Since nonbonded terms are generally optimized to fit other condensed-phase properties, we focused here on optimizing only the valence parameters (bond, angle, and proper and improper torsion) to fit these gas-phase quantum chemical datasets, fixing the non-bonded energies using a legacy force field. Because we are learning an MM force field that is incapable of reproducing quantum chemical heats of formation reflected as an additive offset in the quantum chemical energy targets, in both training and test sets, snapshot energies for each molecule are shifted to have zero mean. All datasets are randomly shuffled and split (by molecules) into training (80%), validation (10%), and test (10%) sets.

Installation and imports

# install conda
! pip install -q condacolab
import condacolab
condacolab.install()

%%capture
! mamba install --yes --strict-channel-priority --channel jaimergp/label/unsupported-cudatoolkit-shim --channel omnia --channel omnia/label/cuda100 --channel dglteam --channel numpy openmm openmmtools openmmforcefields rdkit openff-toolkit dgl-cuda10.0 qcportal

! git clone https://github.com/choderalab/espaloma.git

import torch
import sys
sys.path.append("/content/espaloma")
import espaloma as esp

Load dataset

Choose a dataset from ["gen2", "pepconf", "vehicle", "phalkethoh"].

dataset_name = "gen2"
# dataset_name = "pepconf"
# dataset_name = "vehicle"
# dataset_name = "phalkethoh"

%%capture
! wget "data.wangyq.net/esp_dataset/"$dataset_name".zip"
! unzip $dataset_name".zip"

ds = esp.data.dataset.GraphDataset.load(dataset_name)
ds.shuffle(seed=2666)
ds_tr, ds_vl, ds_te = ds.split([8, 1, 1])

Define model

Define Espaloma stage I: graph -> atom latent representation

representation = esp.nn.Sequential(
    layer=esp.nn.layers.dgl_legacy.gn("SAGEConv"), # use SAGEConv implementation in DGL
    config=[128, "relu", 128, "relu", 128, "relu"], # 3 layers, 128 units, ReLU activation
)

Define Espaloma stage II and III: atom latent representation -> bond, angle, and torsion representation and parameters. And compose all three Espaloma stages into an end-to-end model.

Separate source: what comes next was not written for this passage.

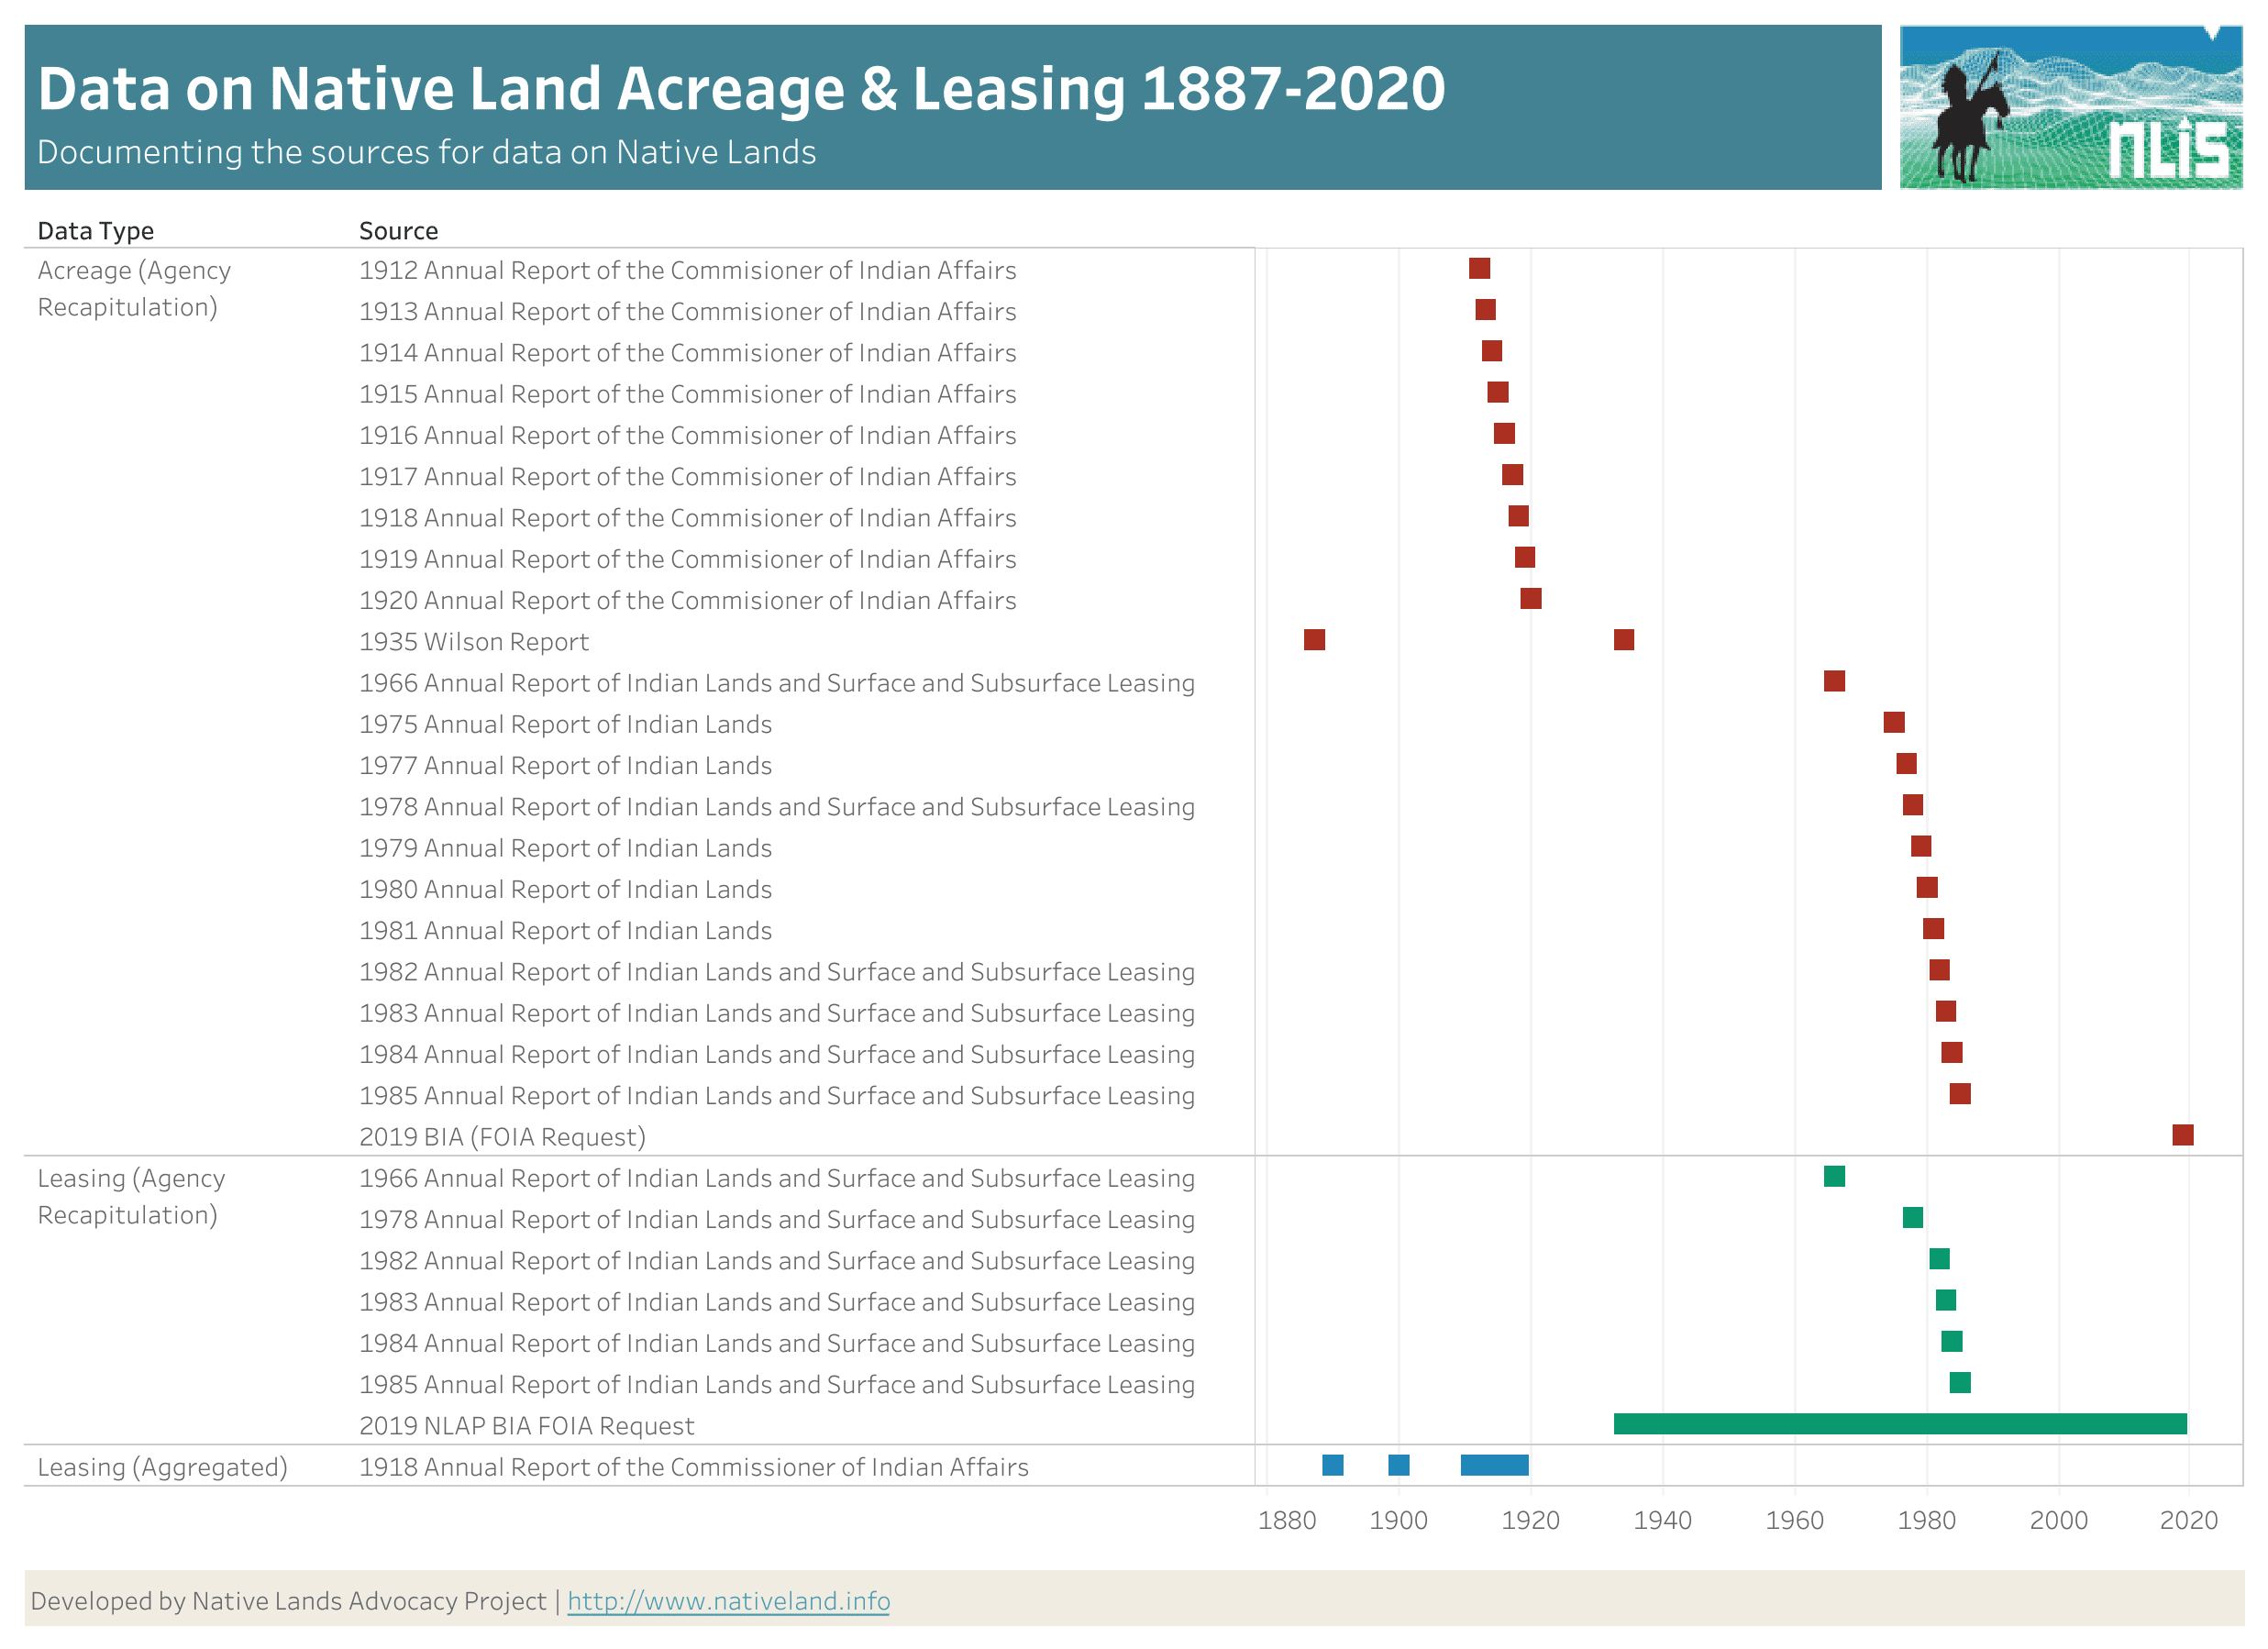 Data on Native Land Acreage and Leasing

readout = esp.nn.readout.janossy.JanossyPooling(
    in_features=128, config=[128, "relu", 128, "relu", 128, "relu"],
    out_features={              # define modular MM parameters Espaloma will assign
        1: {"e": 1, "s": 1}, # atom hardness and electronegativity
        2: {"log_coefficients": 2}, # bond linear combination, enforce positive
        3: {"log_coefficients": 2}, # angle linear combination, enforce positive
        4: {"k": 6}, # torsion barrier heights (can be positive or negative)
    },
)

espaloma_model = torch.nn.Sequential(
                 representation, readout, esp.nn.readout.janossy.ExpCoefficients(),
                 esp.mm.geometry.GeometryInGraph(),
                 esp.mm.energy.EnergyInGraph(),
)

if torch.cuda.is_available():
    espaloma_model = espaloma_model.cuda()

Loss function is specified as the MSE between predicted and reference energy.

loss_fn = esp.metrics.GraphMetric(
        base_metric=torch.nn.MSELoss(), # use mean-squared error loss
        between=['u', "u_ref"],         # between predicted and QM energies
        level="g", # compare on graph level
)

Define optimizer

optimizer = torch.optim.Adam(espaloma_model.parameters(), 1e-4)

Train it!

for idx_epoch in range(10000):
    for g in ds_tr:
        optimizer.zero_grad()
        if torch.cuda.is_available():
            g.heterograph = g.heterograph.to("cuda:0")
        g = espaloma_model(g.heterograph)
        loss = loss_fn(g)
        loss.backward()
        optimizer.step()
    torch.save(espaloma_model.state_dict(), "%s.th" % idx_epoch)

Inspect

inspect_metric = esp.metrics.center(torch.nn.L1Loss()) # use mean-squared error loss

loss_tr = []
loss_vl = []

with torch.no_grad():
    for idx_epoch in range(10000):
        espaloma_model.load_state_dict(
            torch.load("%s.th" % idx_epoch)
        )

        # training set performance
        u = []
        u_ref = []
        for g in ds_tr:
            if torch.cuda.is_available():
                g.heterograph = g.heterograph.to("cuda:0")
            espaloma_model(g.heterograph)
            u.append(g.nodes['g'].data['u'])
            u_ref.append(g.nodes['g'])
        u = torch.cat(u, dim=0)
        u_ref = torch.cat(u_ref, dim=0)
        loss_tr.append(inspect_metric(u, u_ref))


        # validation set performance
        u = []
        u_ref = []
        for g in ds_vl:
            if torch.cuda.is_available():
                g.heterograph = g.heterograph.to("cuda:0")
            espaloma_model(g.heterograph)
            u.append(g.nodes['g'].data['u'])
            u_ref.append(g.nodes['g'])
        u = torch.cat(u, dim=0)
        u_ref = torch.cat(u_ref, dim=0)
        loss_vl.append(inspect_metric(u, u_ref))

import numpy as np
loss_tr = np.array(loss_tr) * 627.5
loss_vl = np.array(loss_vl) * 627.5

from matplotlib import pyplot as plt
plt.plot(loss_tr, label="train")
plt.plot(loss_vl, label="valid")
plt.yscale("log")
plt.legend()